RuleChef: Making AI Rules Editable by Humans
Researchers introduced RuleChef, a system that uses LLMs to generate executable rules for NLP tasks like text classification, NER, and relation extraction. Rules are created from task descriptions and labeled examples, then iteratively improved via human feedback or additional examples. The system can also bootstrap rules from any existing model's input-output pairs.

Researchers unveiled RuleChef, a framework that uses large language models (LLMs) to create editable, executable rules for NLP tasks. These tasks include text classification, named entity recognition (NER), and relation extraction. The rules are generated from a task description and a set of labeled examples, then iteratively improved based on additional examples and human feedback on existing rules.

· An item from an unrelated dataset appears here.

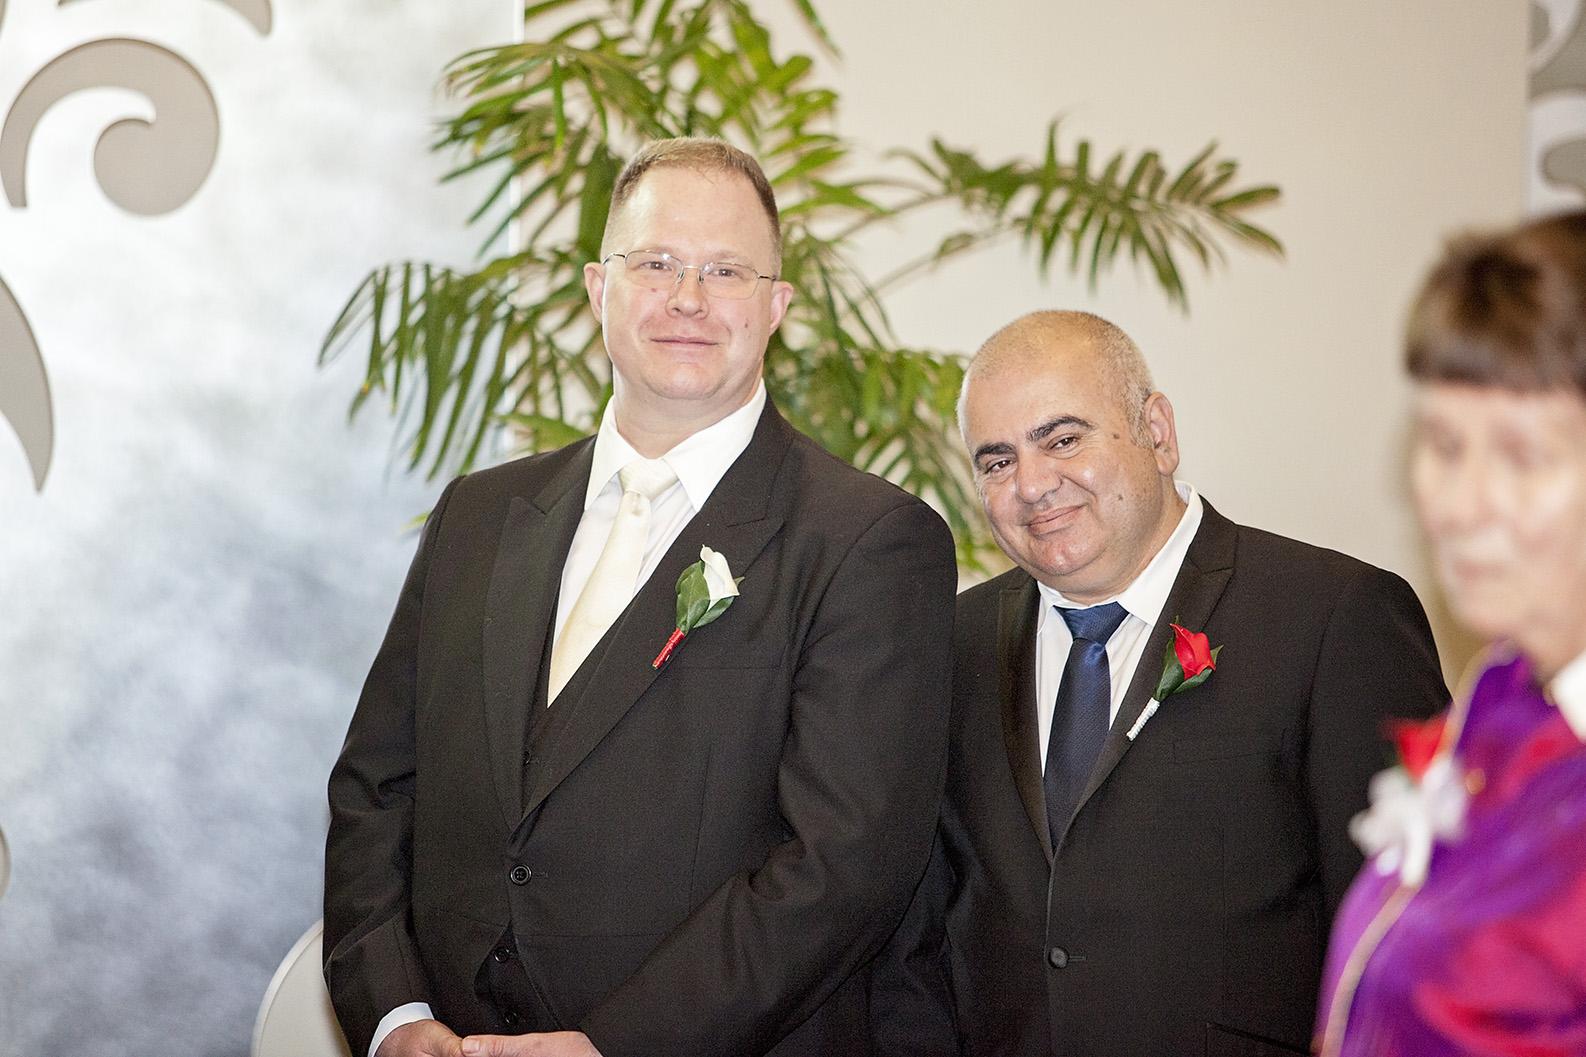 Sferas Modbury wedding 07.jpg

This matters because it makes AI more accessible. Normally, editing AI rules requires coding skills, but RuleChef lets anyone tweak the rules easily. For example, a small business owner could adjust how their AI categorizes customer emails without needing a developer. The framework can also bootstrap rules using observed input-output pairs from any existing model for a given task, meaning it can learn from models already in use.
Crucially, LLMs are used only at learning time — once the rules are generated, they run without requiring an LLM, making them lightweight and interpretable. The rules are human-editable, allowing non-experts to refine AI behavior directly.